* [PROBLEM TO WORK ON]: Return all of the listing word for word; the pictures stay out.

* [PROVIDED DATA]:
^^^^^^^^

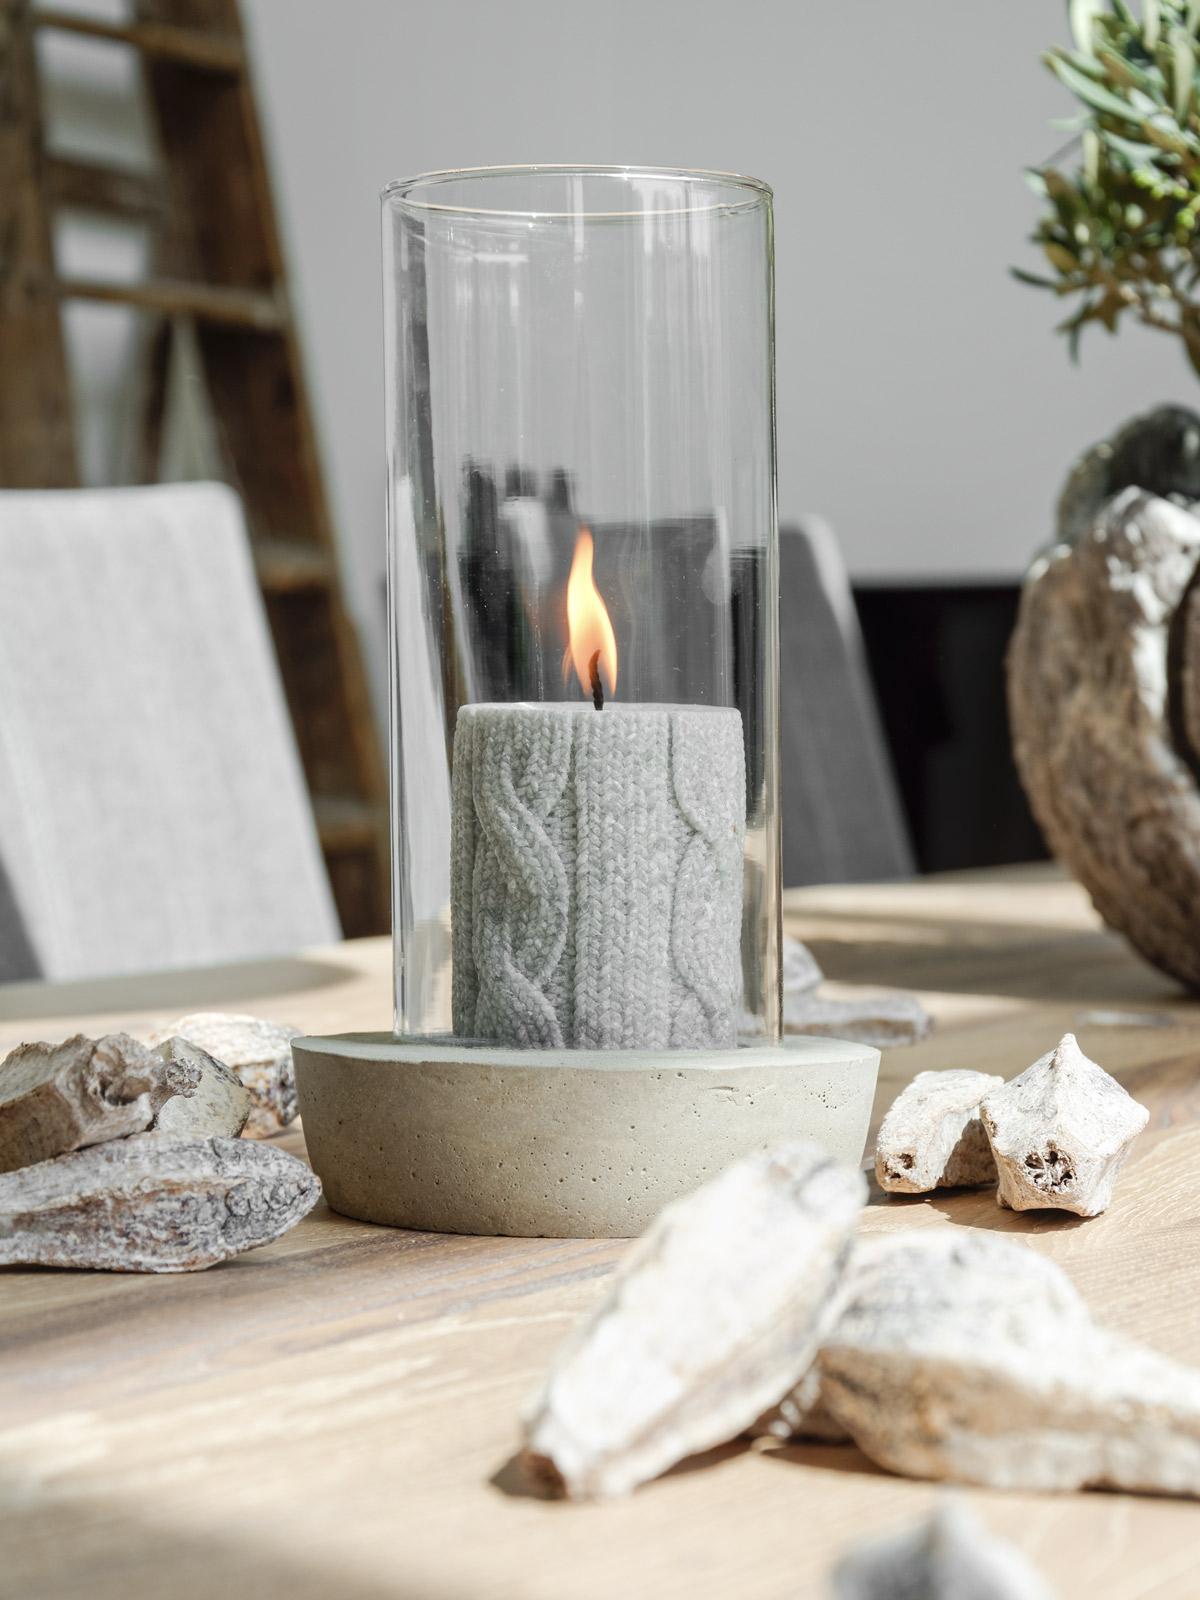 deko ideen mit gl sern diy deko ideen mit denen sie den fr hling nach hause holen. Black Bedroom Furniture Sets. Home Design Ideas
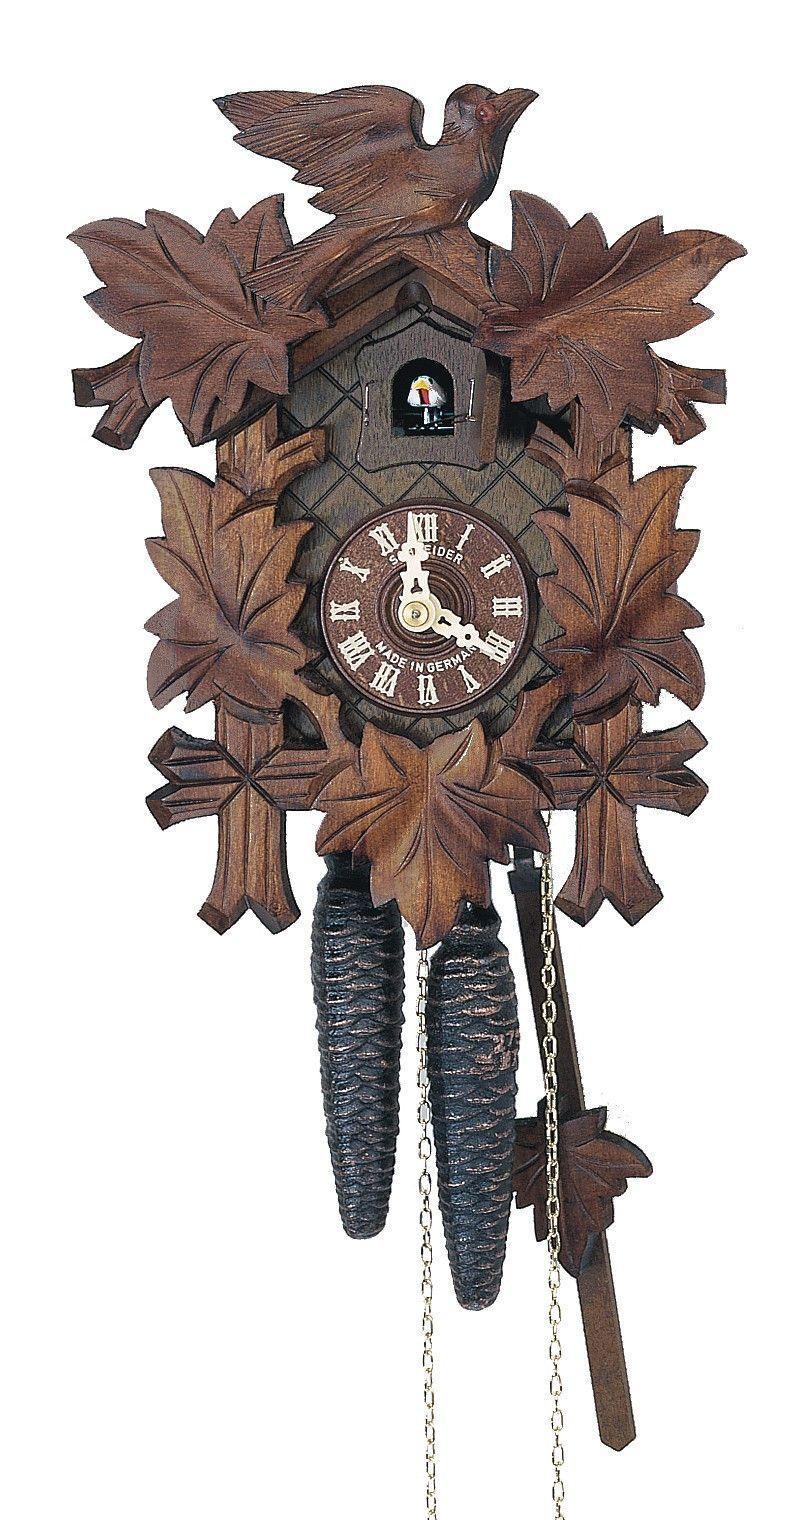 Мы поставляем только оригинальные часы с кукушкой непосредственно из шварцвальда.
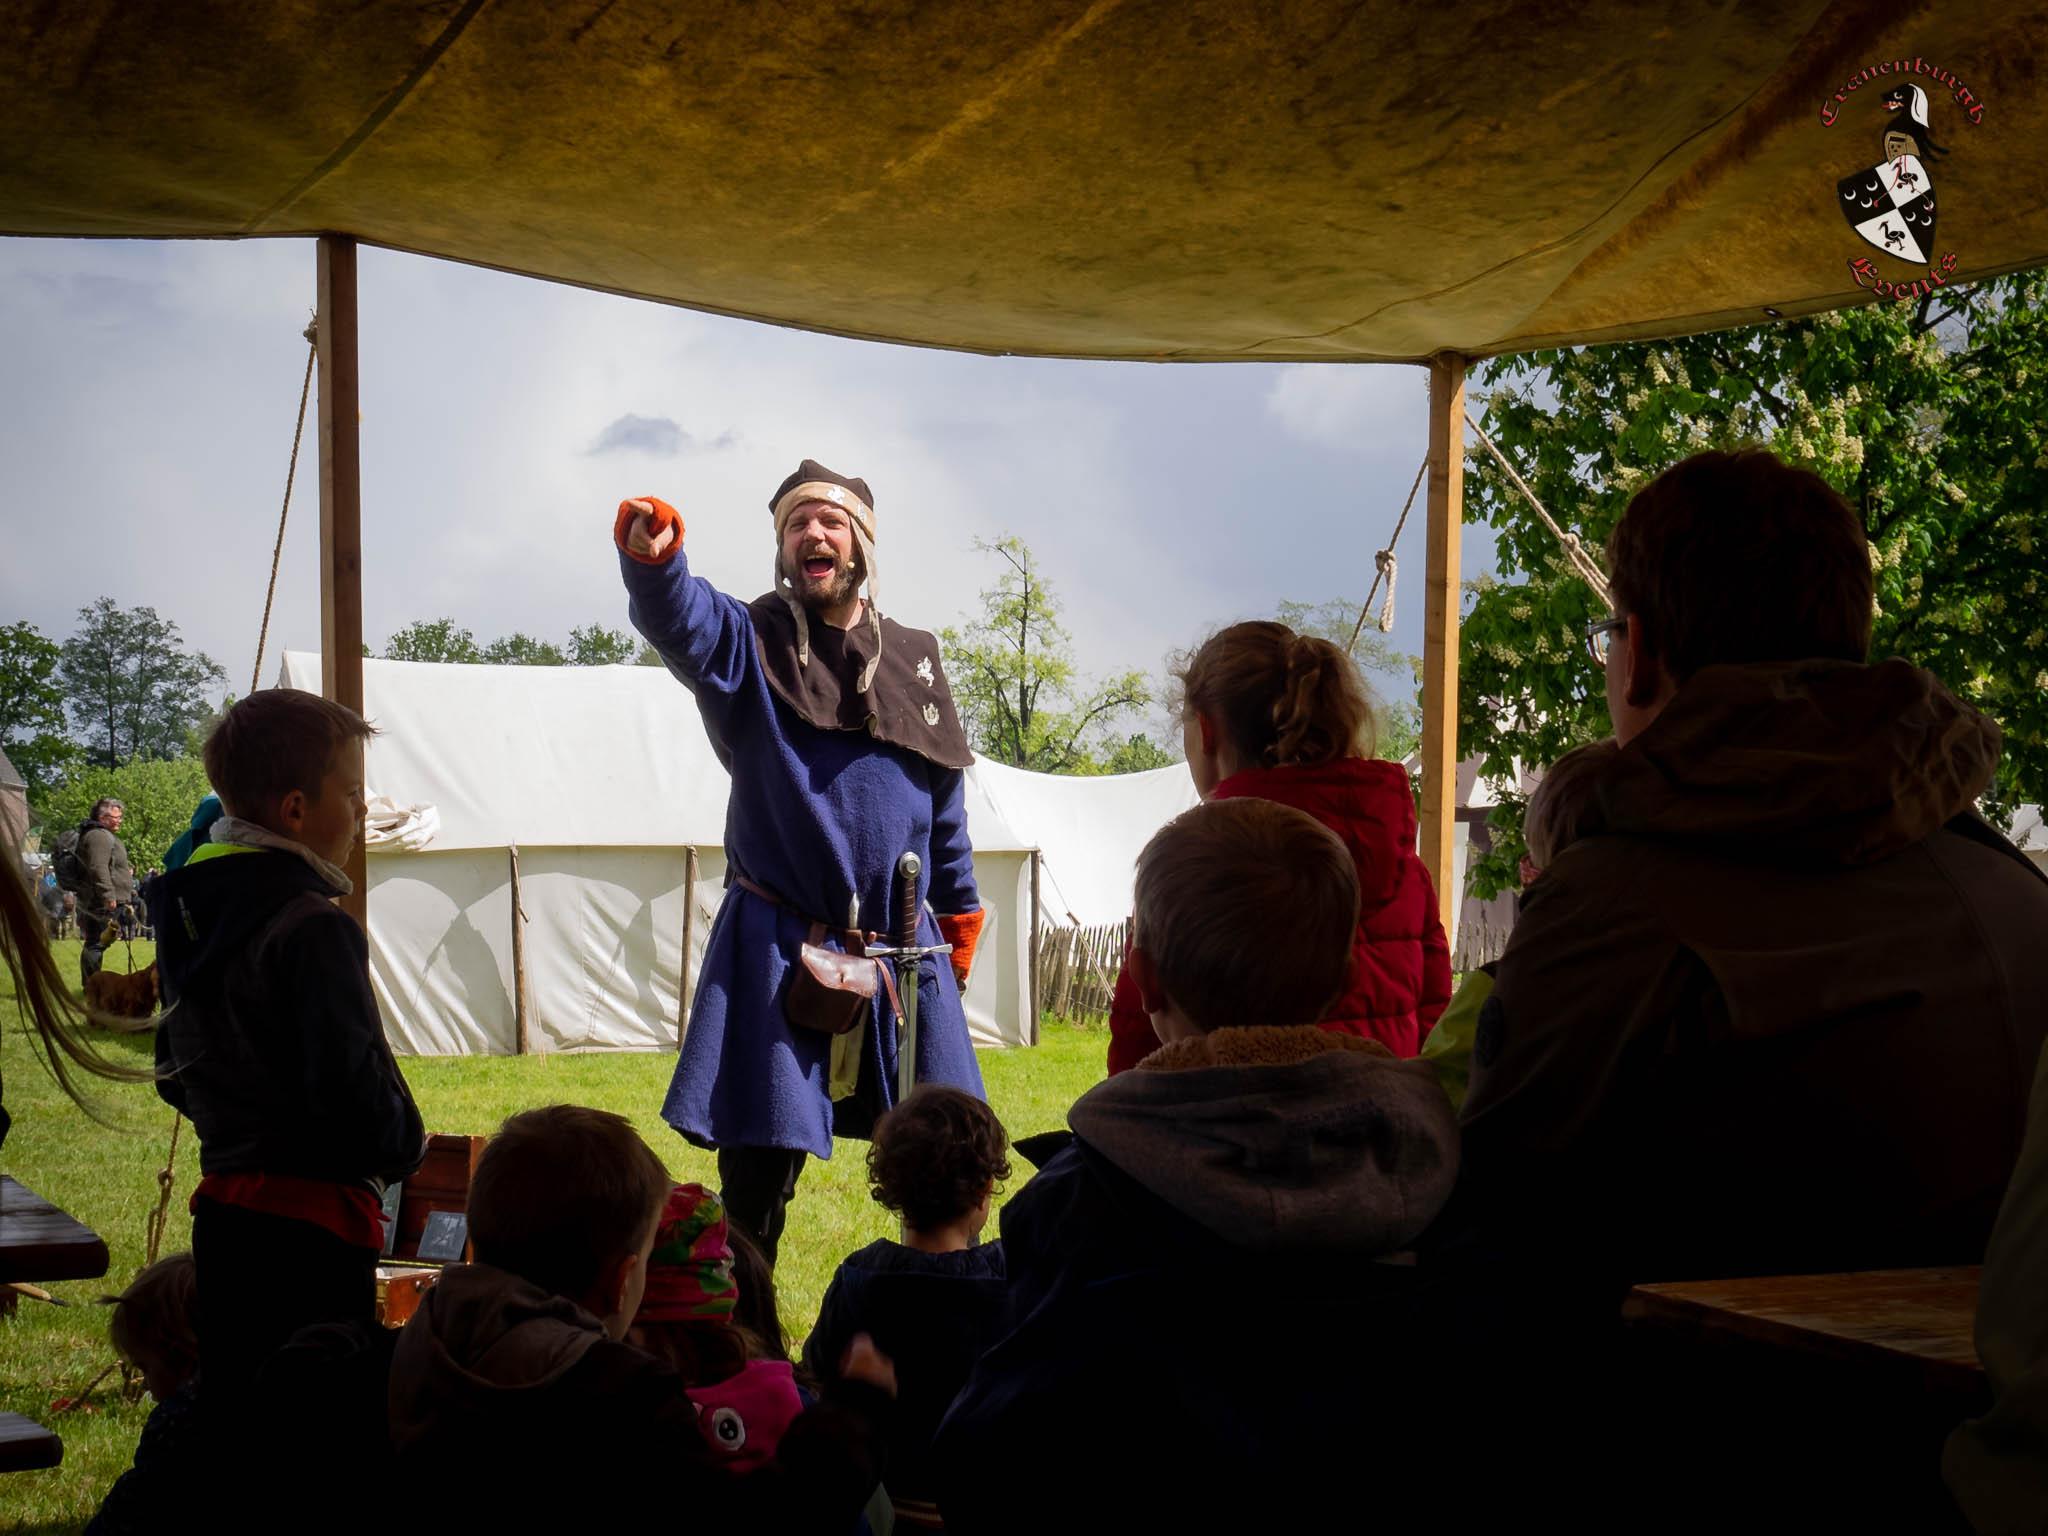 Middeleeuws-Festijn-Cannenburgh-2019-Ellen-la-Faille-27

^^^^^^^^

* [TASK SOLUTION]:
 deko ideen mit gl sern diy deko ideen mit denen sie den fr hling nach hause holen. Black Bedroom Furniture Sets. Home Design Ideas
 Мы поставляем только оригинальные часы с кукушкой непосредственно из шварцвальда.
 Middeleeuws-Festijn-Cannenburgh-2019-Ellen-la-Faille-27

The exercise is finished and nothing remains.